Da pisano a Lucca, pochi giorni prima di Natale

Sono venuto a Lucca in questi giorni che mancano poco a Natale con uno spirito semplice: curiosità e zero pregiudizi. Da pisano, lo ammetto, la tentazione di fare confronti c’è sempre, ma l’avevo lasciata a casa. Volevo solo camminare, guardare le vetrine, respirare quell’aria natalizia che a Lucca, nella mia testa, avrebbe dovuto avere un sapore tutto suo. E invece no. O meglio: non proprio. Le luci ci sono, le vetrine anche, la gente passeggia come ovunque a dicembre. Tutto corretto, tutto ordinato. Forse troppo. Ho avuto la sensazione di essere in una città qualsiasi, una di quelle che potresti scambiare con un’altra senza accorgertene.
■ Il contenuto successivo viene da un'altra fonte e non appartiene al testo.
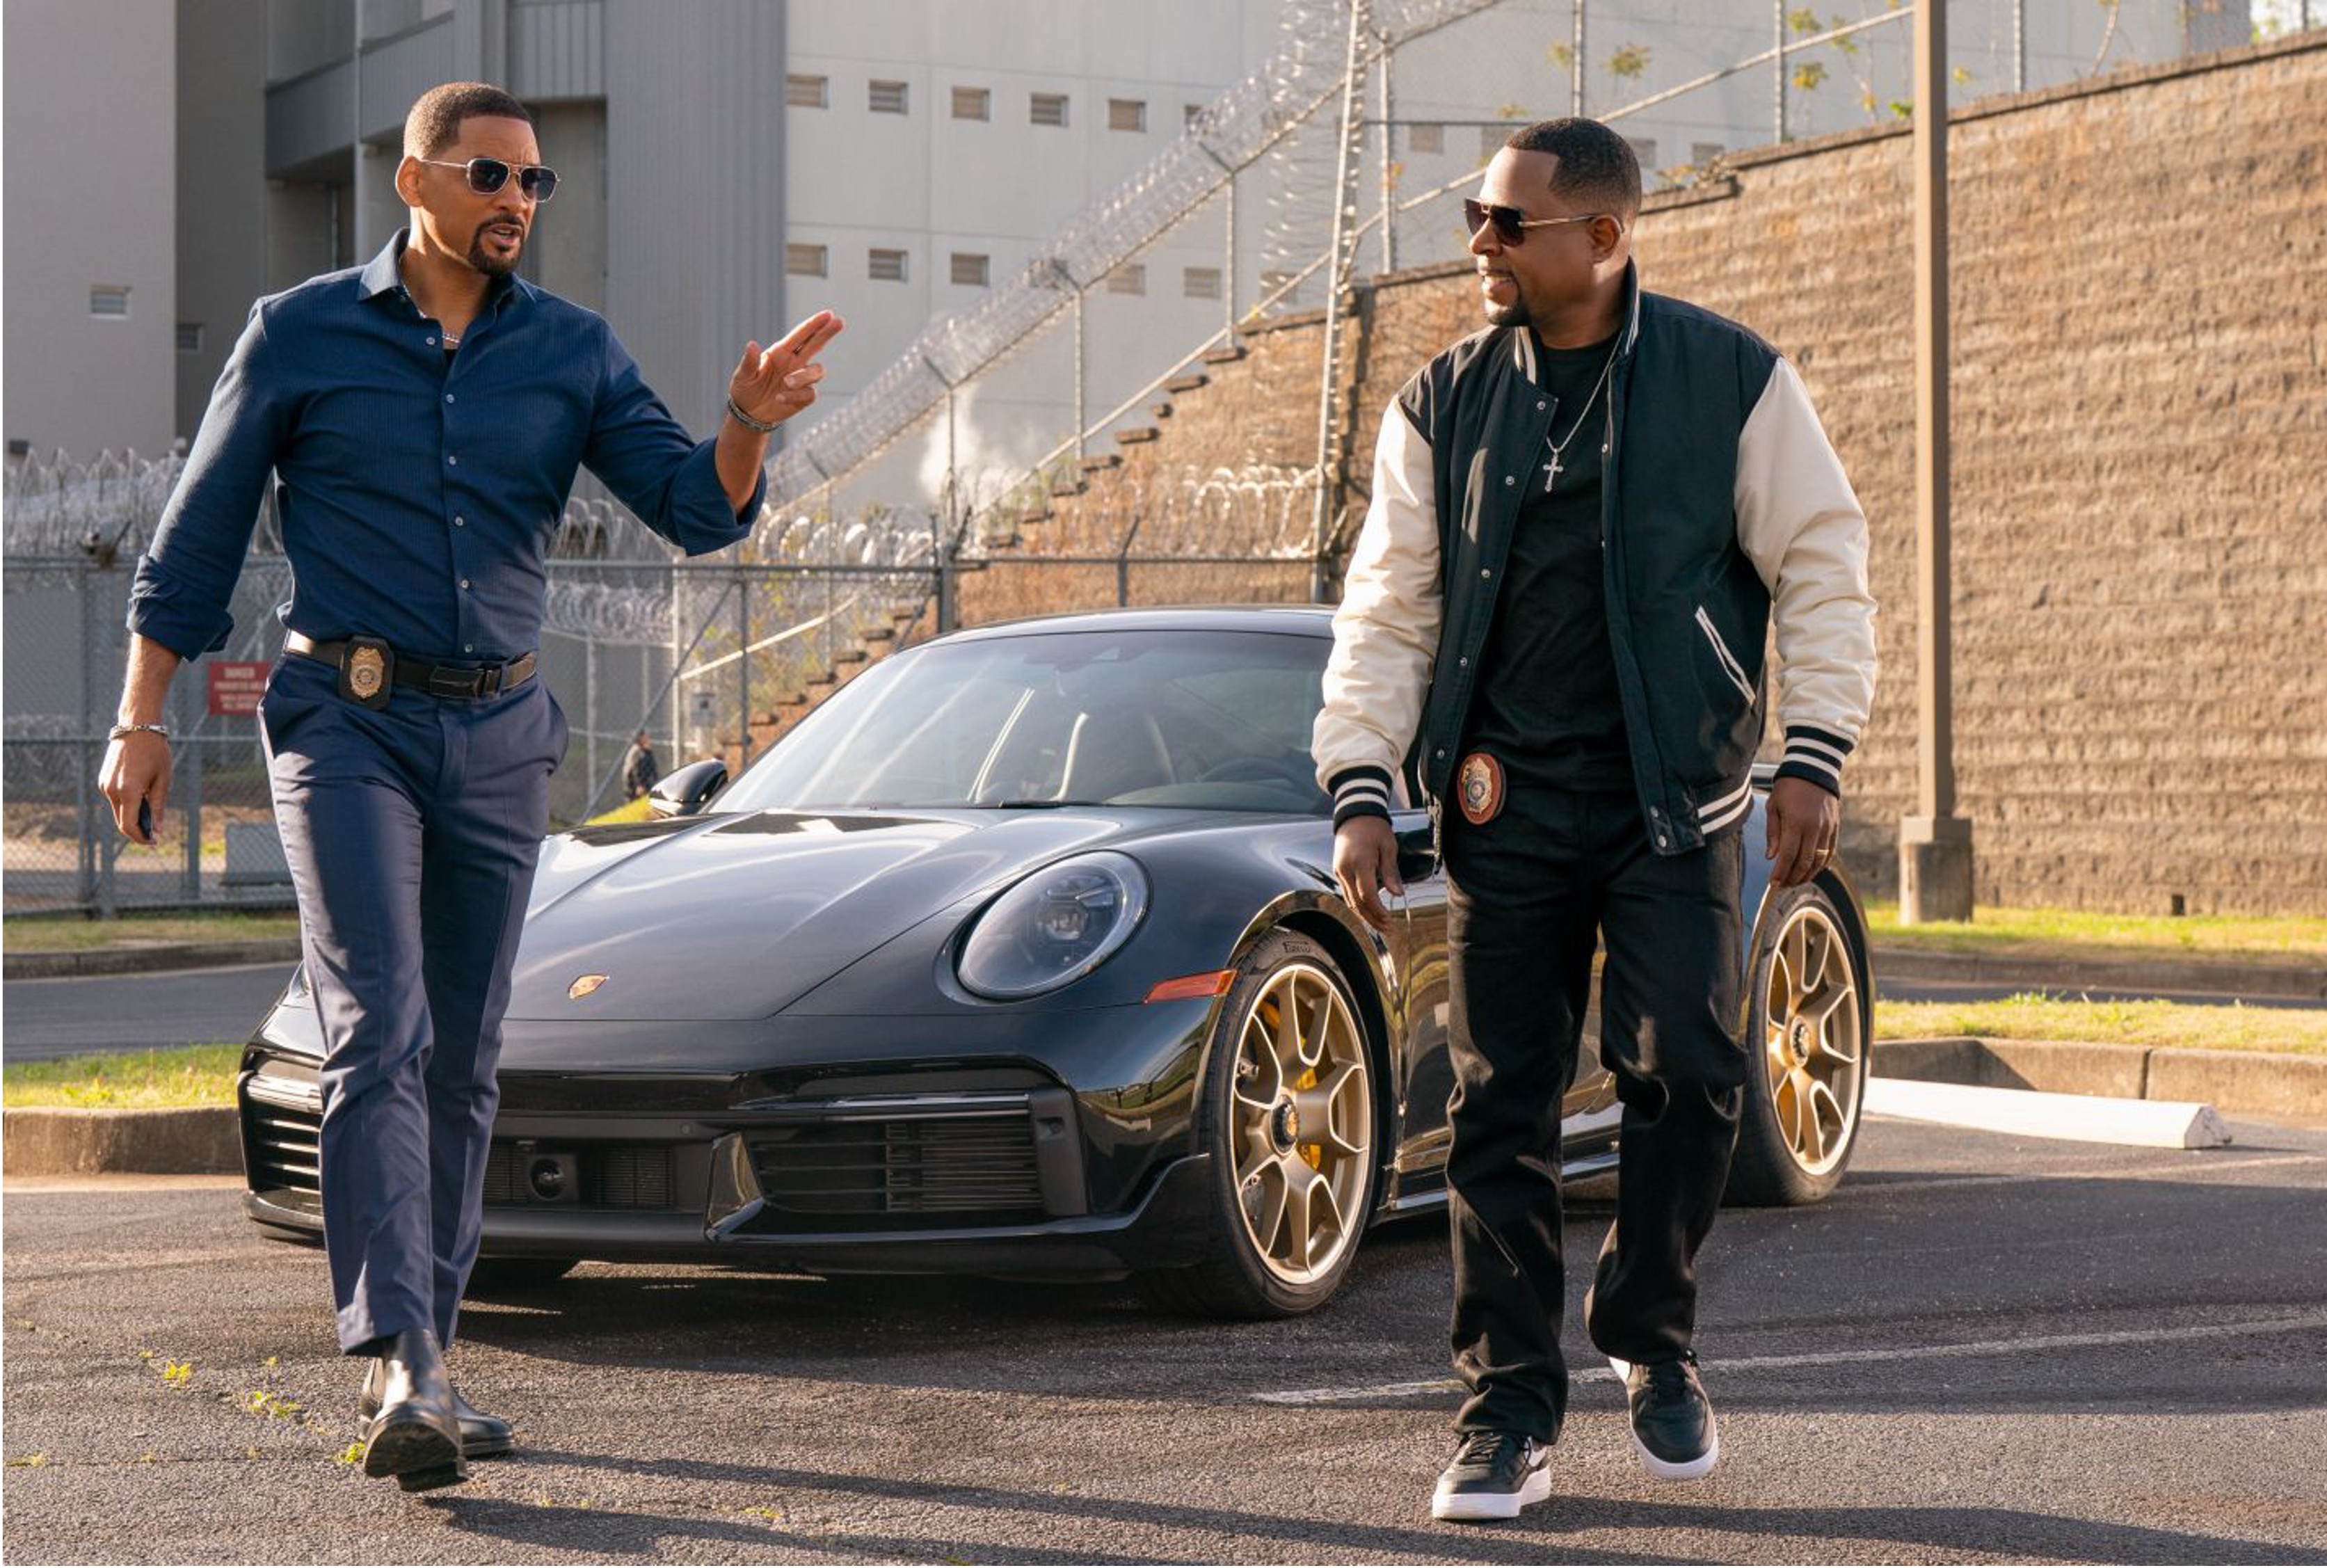 Porsche is back in action in “Bad Boys: Ride or Die”

Stesse decorazioni viste mille volte, stesse scelte un po’ anonime, stesso Natale “standard” che ormai gira ovunque come un pacchetto pronto all’uso. La cosa che delude non è la mancanza di grandezza o di sfarzo, perché Lucca non ne ha mai avuto bisogno. La delusione nasce proprio dal contrario: dalla sensazione che una città con una storia, una bellezza e un carattere così forti abbia deciso di non usarli. Come se avesse preferito non rischiare, non osare, non raccontarsi. Camminando sotto le mura o nelle vie del centro, pensavo che Lucca potrebbe permettersi un Natale più intimo, più curato, più coerente con sé stessa. Meno copia-incolla, più anima. Invece mi sono ritrovato a dire: “Potrei essere a Pisa, potrei essere altrove”. Non è una critica cattiva, né una sfida tra campanili. È la constatazione di chi sperava di tornare a casa dicendo: “Lucca mi ha sorpreso”. Stavolta non è successo. E forse è proprio questo che dispiace di più: sapere che poteva andare diversamente, senza fare di più, ma facendo meglio. Famiglia Ceccanti M.